I've added a few links to recipes for you to try out your lard in. Let us know how it worked out too, we love hearing from you. Happy Rendering!!!

http://www.dailyrebecca.com/2014/11/old-fashioned-lard-pie-crust/

https://www.bonappetit.com/recipes/desserts/article/raisin-lard-cookies-groat

***Please note the quality of lard and the amount of Vit D is directly related to the quality of the animal it was attained from. Animals must have a non GMO diet and have access to sunlight....luckily Berryman Farms pigs do!!!


***Leaf lard is a special order product, so please order in advance


***Berryman Farms Leaf Lard is $3/lb

Comments(6)
Vikki January 23, 2019

This is such a awesome article, thank you for sharing. I think I have to try this in the near future.

Johanna Berryman January 23, 2019

Thank you so much Vikki! Please let us know how it turns out :)

Louise May 29, 2020

Hi, I picked up some leaf lard on Friday and am currently rendering it to use in pie crusts. My question is should it smell “bacon-y” as it cooks down? I thought leaf lard had no flavour? Or is it that the rendered product will have no flavour? Don’t get me wrong, I love the small of bacon, just not sure it will work with the pie! We did request leaf lard when we ordered it. The product we were given had no label though.

Monaklassen May 29, 2020

I carefully clarified several jars of beef fat from stock bones I received from you. Are they just as valuable for baking?

Sheila May 29, 2020

Thank you so much for this article. I have used leaf lard in my baking for awhile now, as I have had to change to dairy free (and I love butter) . Leaf lard to superior especially in nutritional value.
I have not tried rendering it until yesterday after purchasing your great leaf lard
The instructions were easy to follow and I was successful.
It does smell a little more porky than I thought it would but not a problem there.
Do you think I did something wrong to make it that way?
Thank you again.

Johanna Berryman May 29, 2020

Hello Louise – It can have a bit of that “bacon” smell you described – that has happened with all of my batches as well. Ensure you are cooking low and slow so the small meat bits are not fried up. So happy you found an alternative to your much loved butter :)

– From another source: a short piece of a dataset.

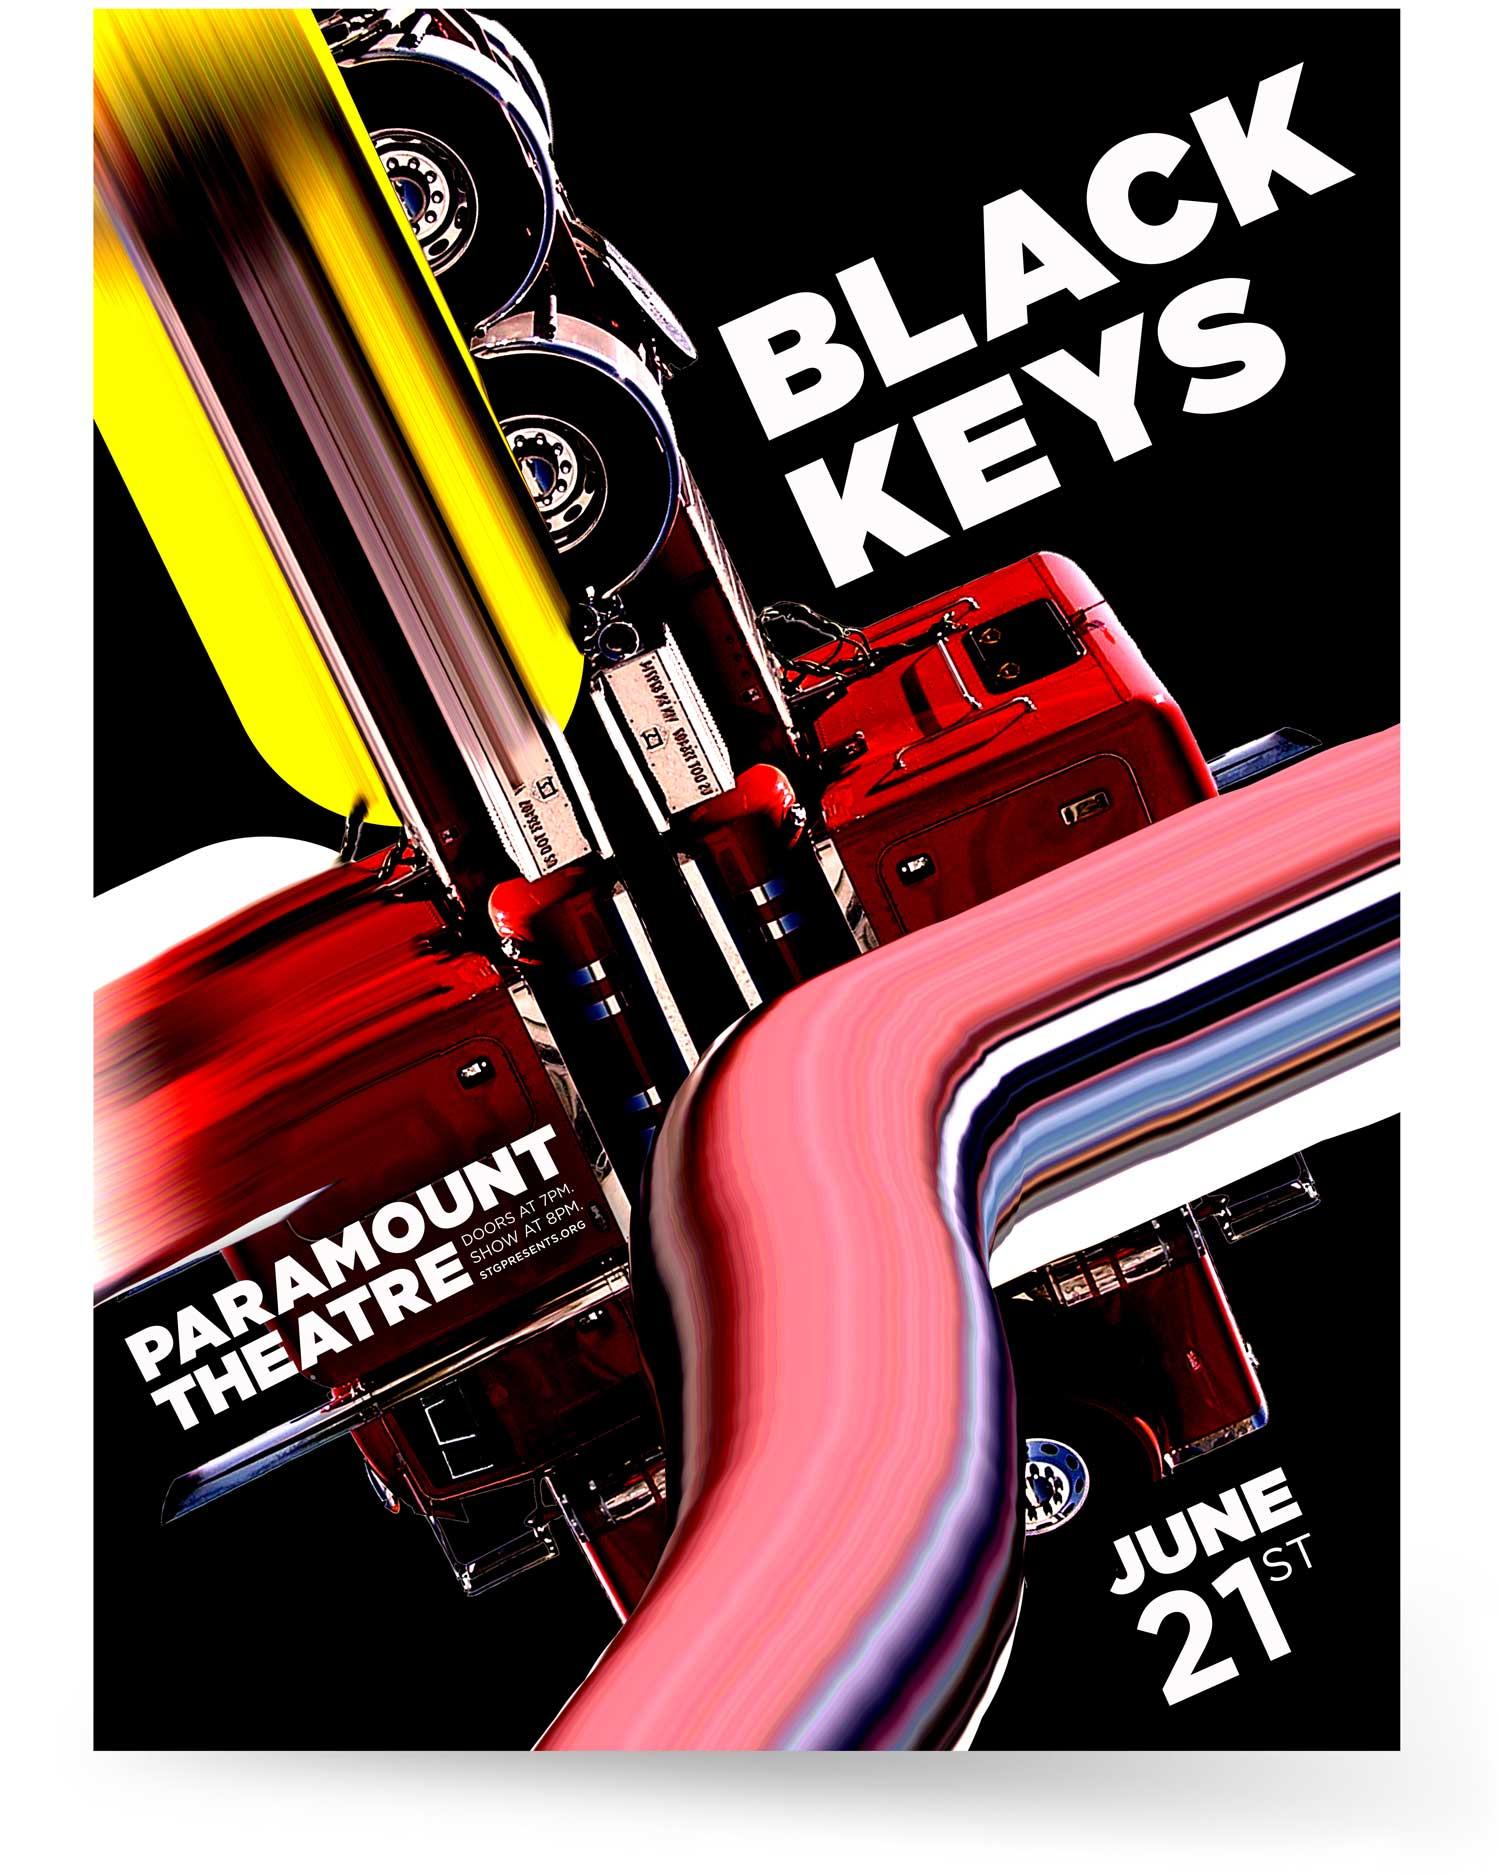 blk-keys

Monaklassen – YES! Beef fat or Tallow has several health benefits and uses. There are several recipes online you can experiment with. Tallow has a distinct flavor and may be better suited to frying / use in savory dishes. Tallow can also be used as a body salve – but using it to fry french fries is my favorite!

Sheila – So happy you found the article useful! The “porky” smell is normal. Just simmer on a very low temp to ensure no meat bits are getting fried in the process. Sounds like you did a wonderful job :)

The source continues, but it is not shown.